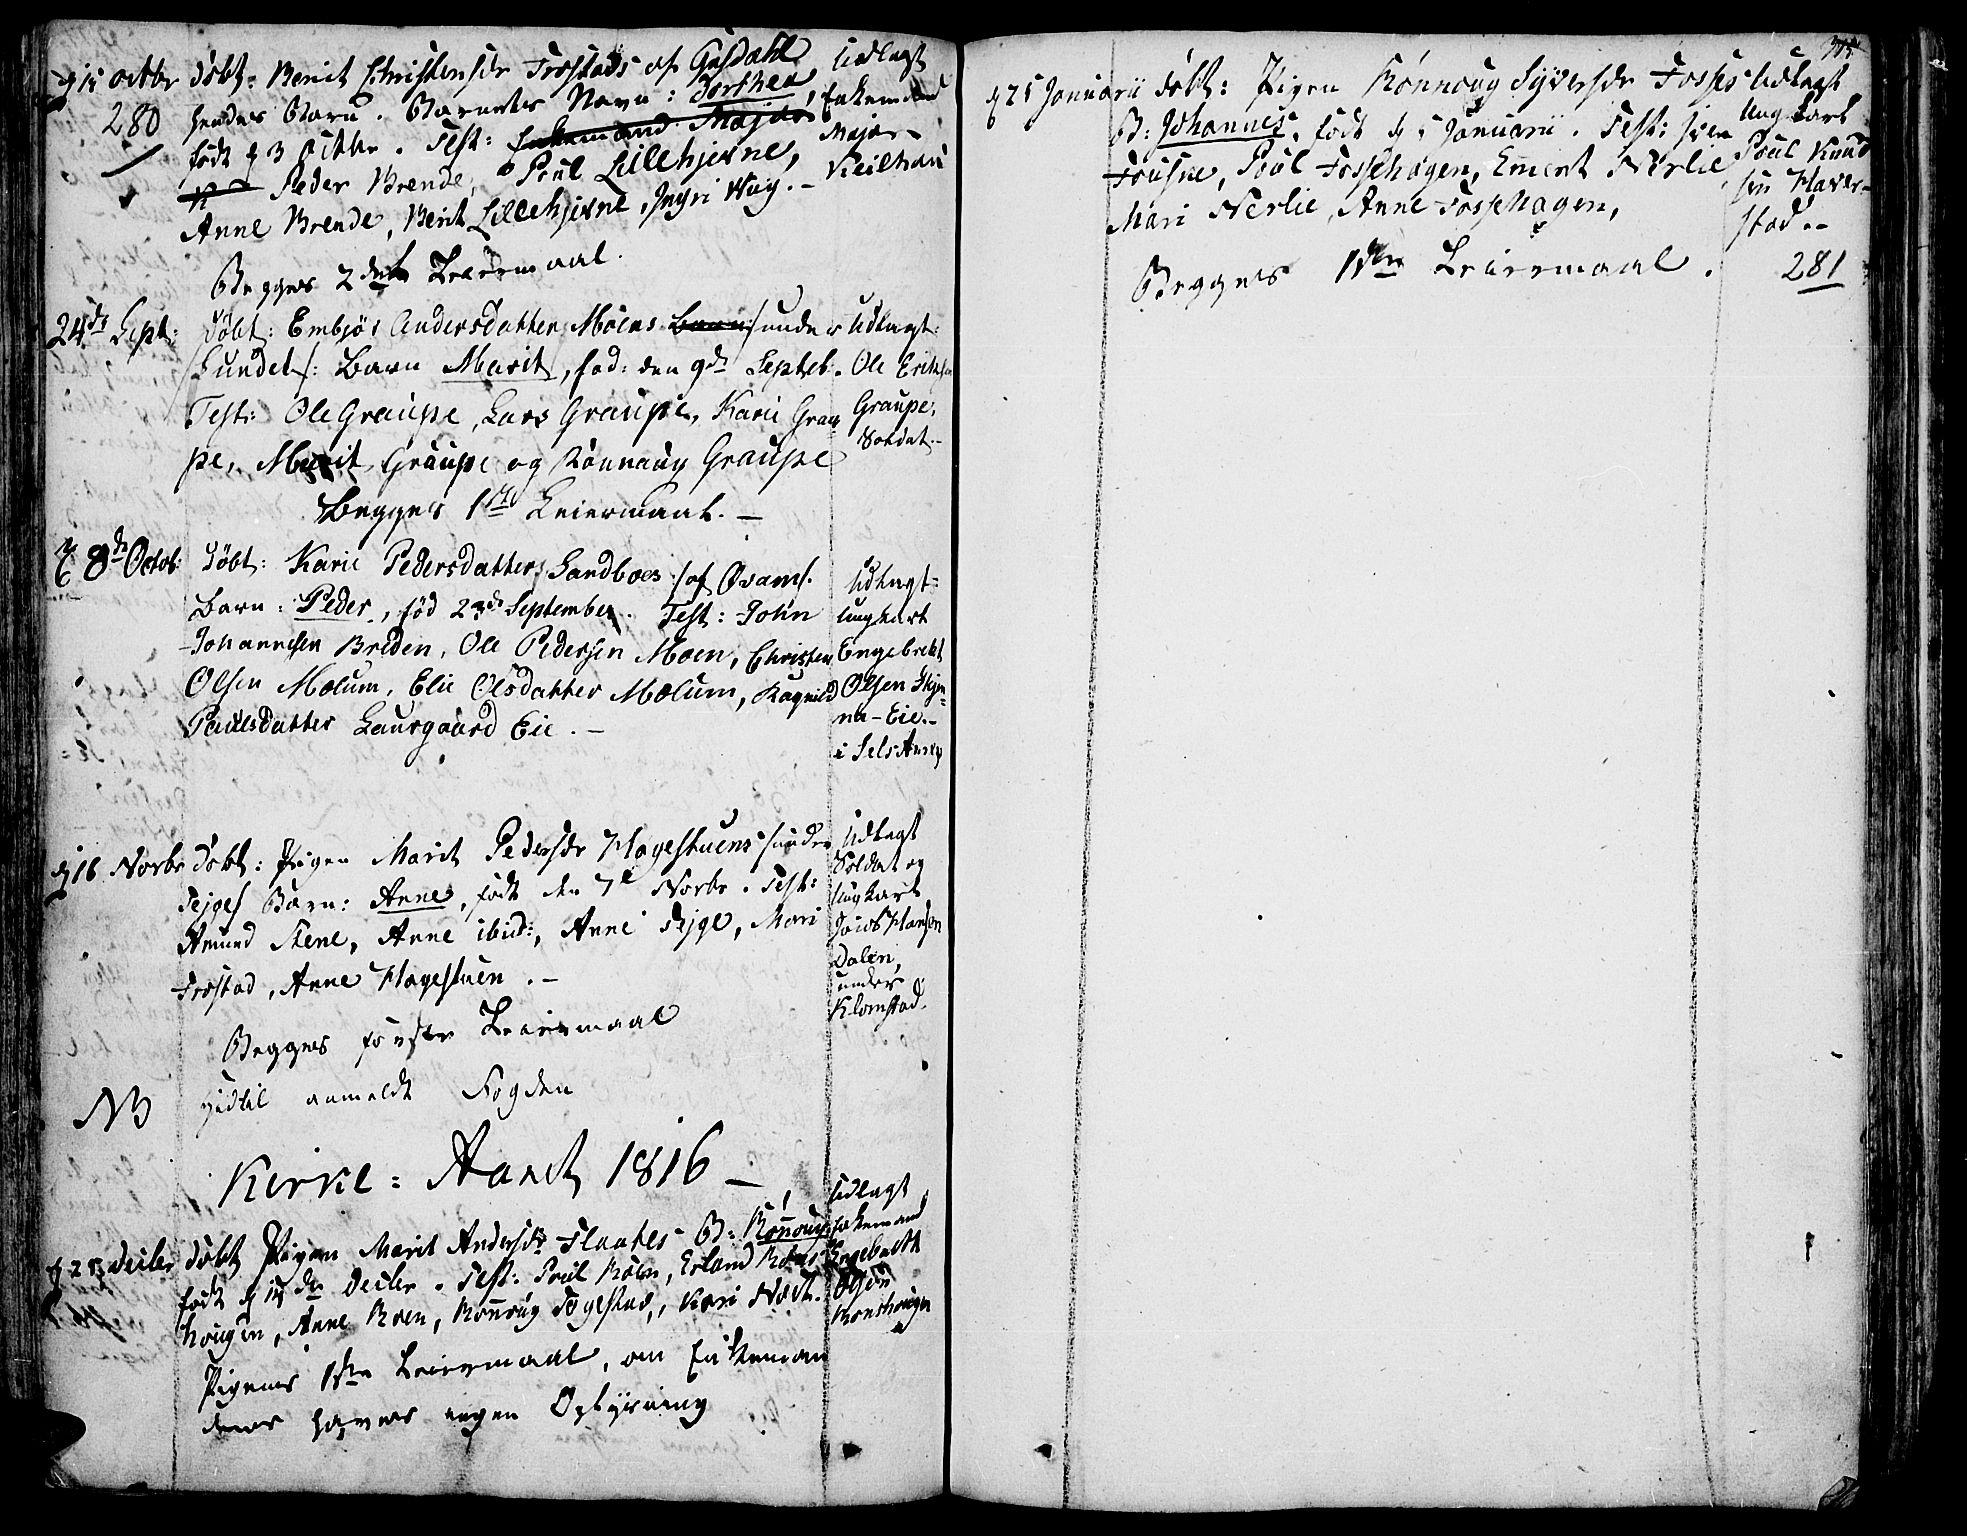 SAH, Fron prestekontor, H/Ha/Haa/L0001: Ministerialbok nr. 1, 1799-1816, s. 280-281
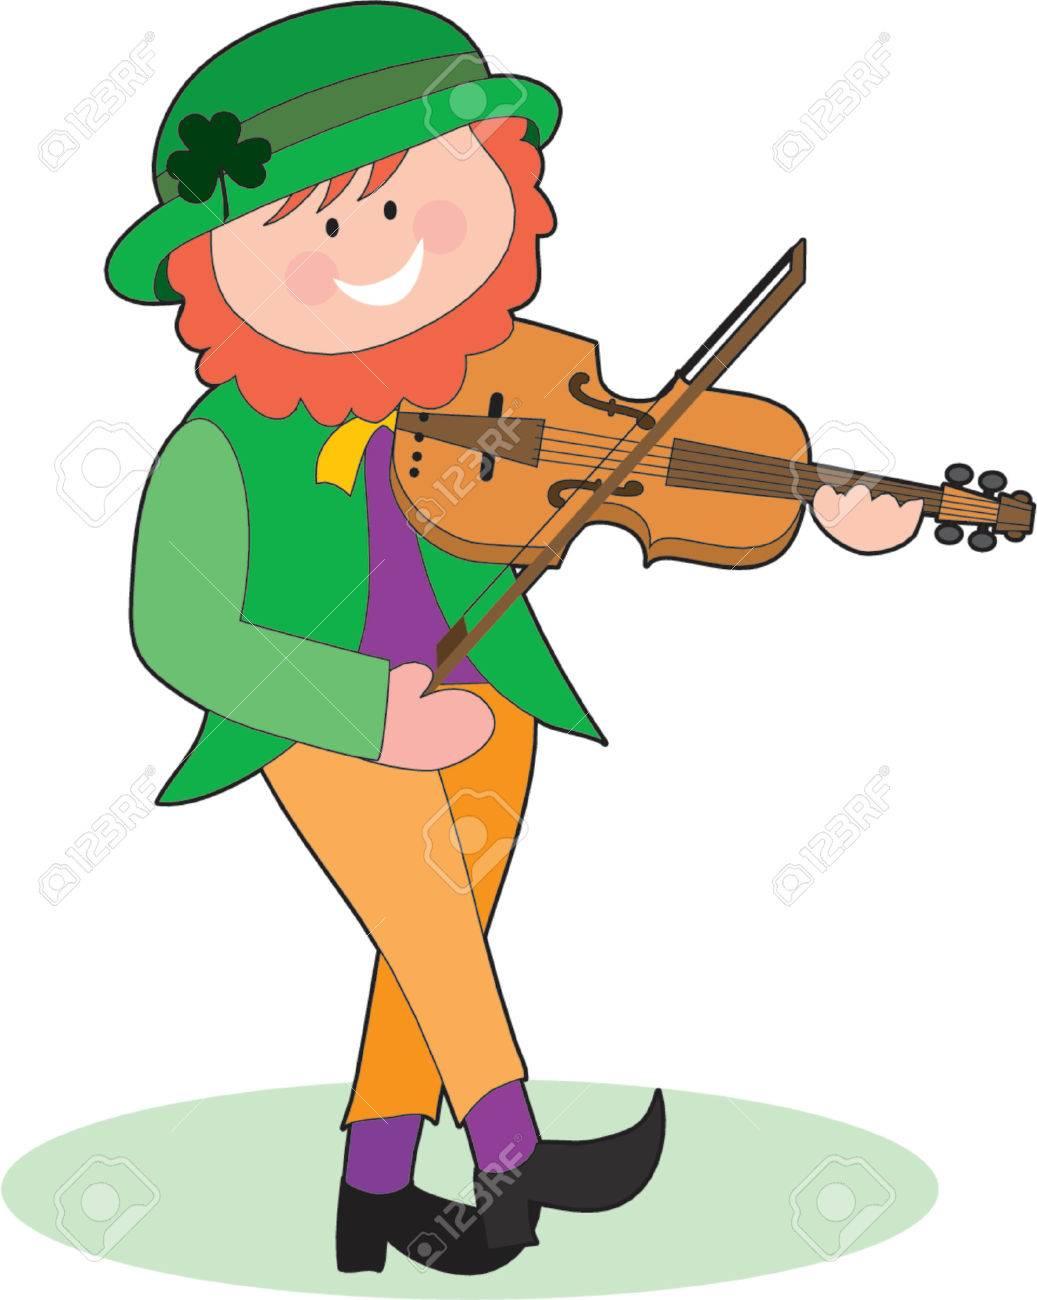 An Irish Leprechaun playing a violin and dancing Stock Vector - 755643
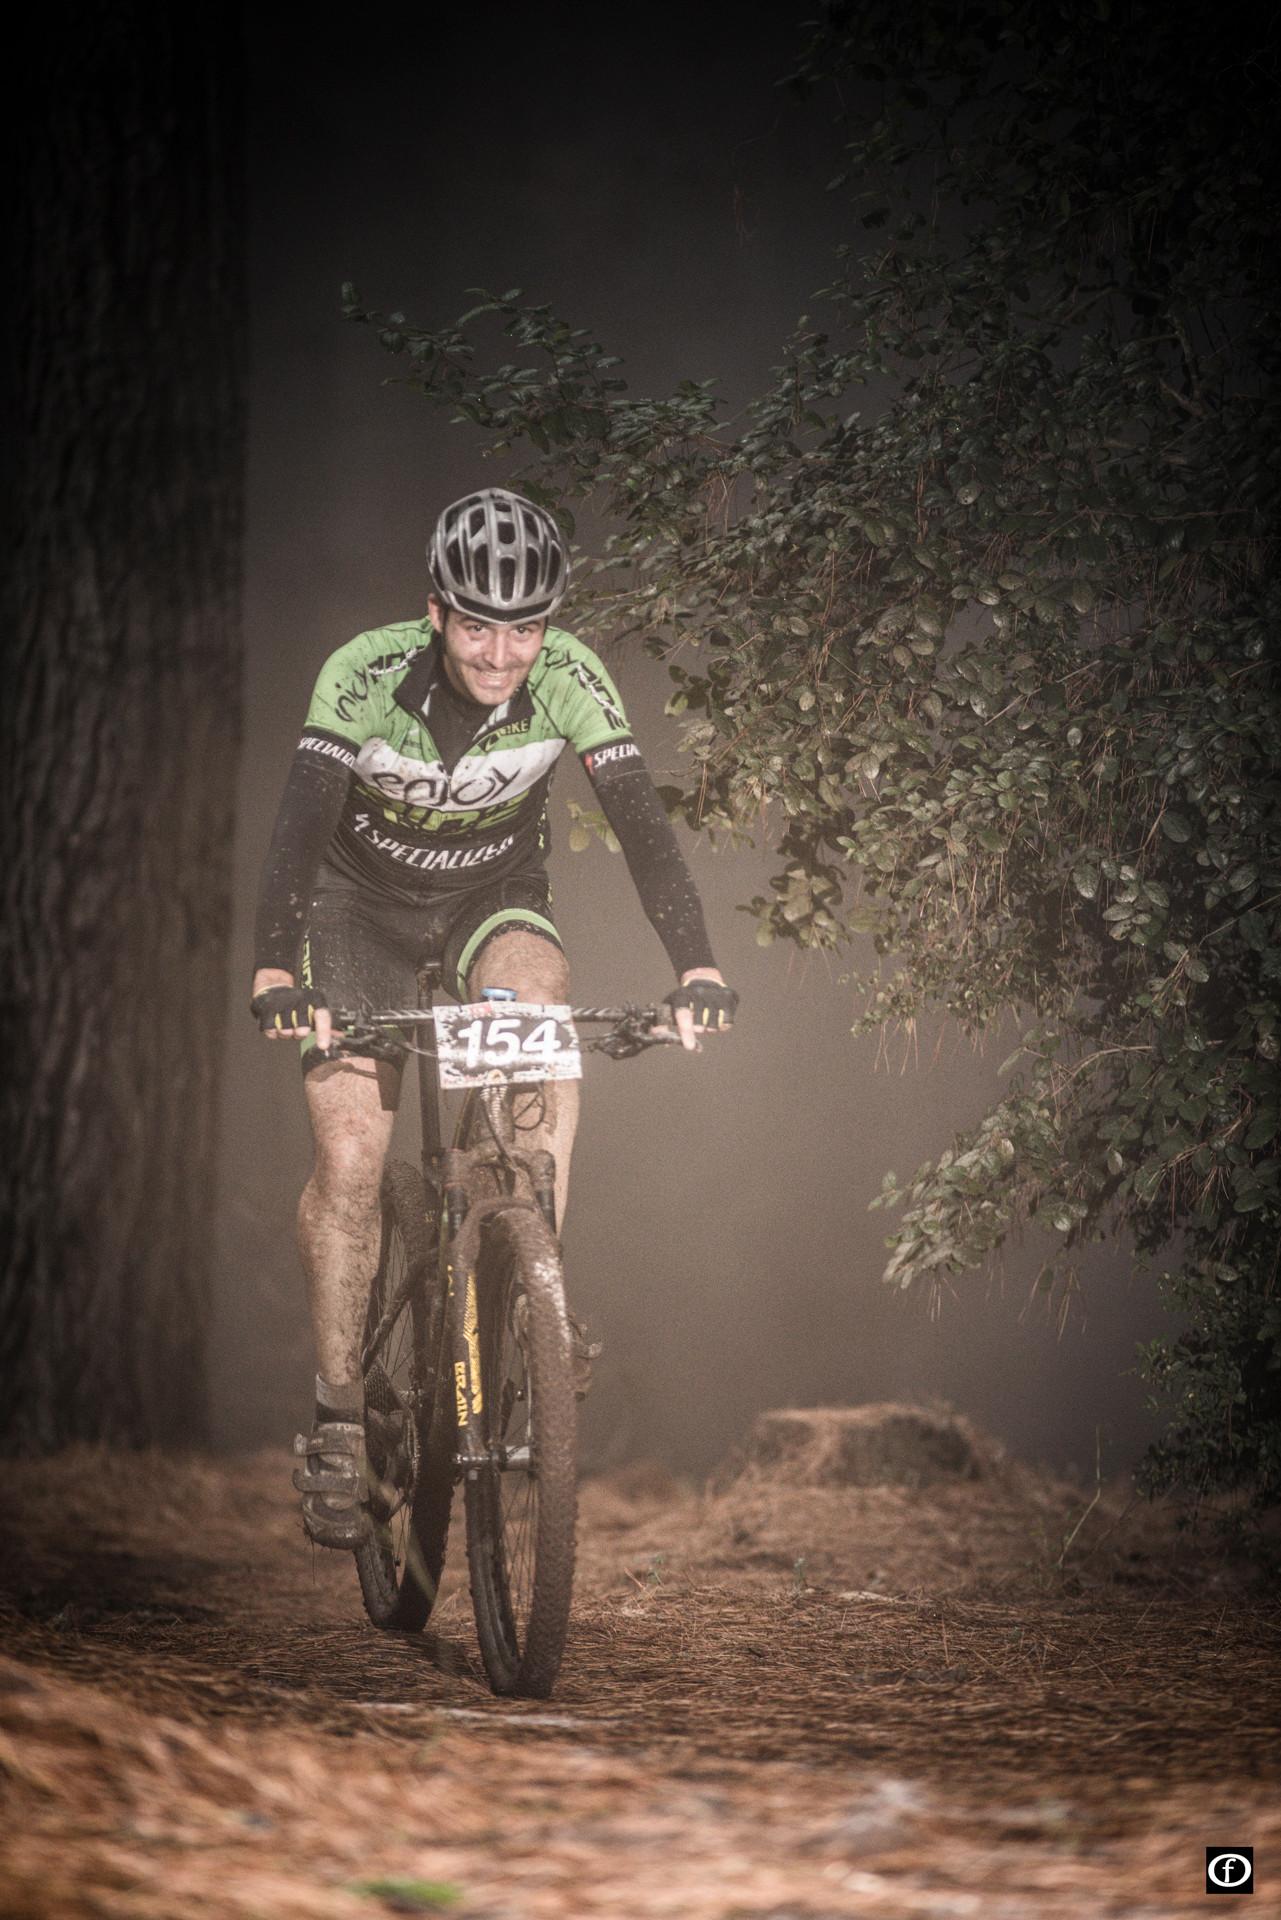 2015-05-17-Ciclismo Enduro-42.jpg

THE PROBLEM -
Any picture found in the data is to be skipped while the rest is copied exactly.

TASK OUTPUT -
 SAH, Fron prestekontor, H/Ha/Haa/L0001: Ministerialbok nr. 1, 1799-1816, s. 280-281
 An Irish Leprechaun playing a violin and dancing Stock Vector - 755643
 2015-05-17-Ciclismo Enduro-42.jpg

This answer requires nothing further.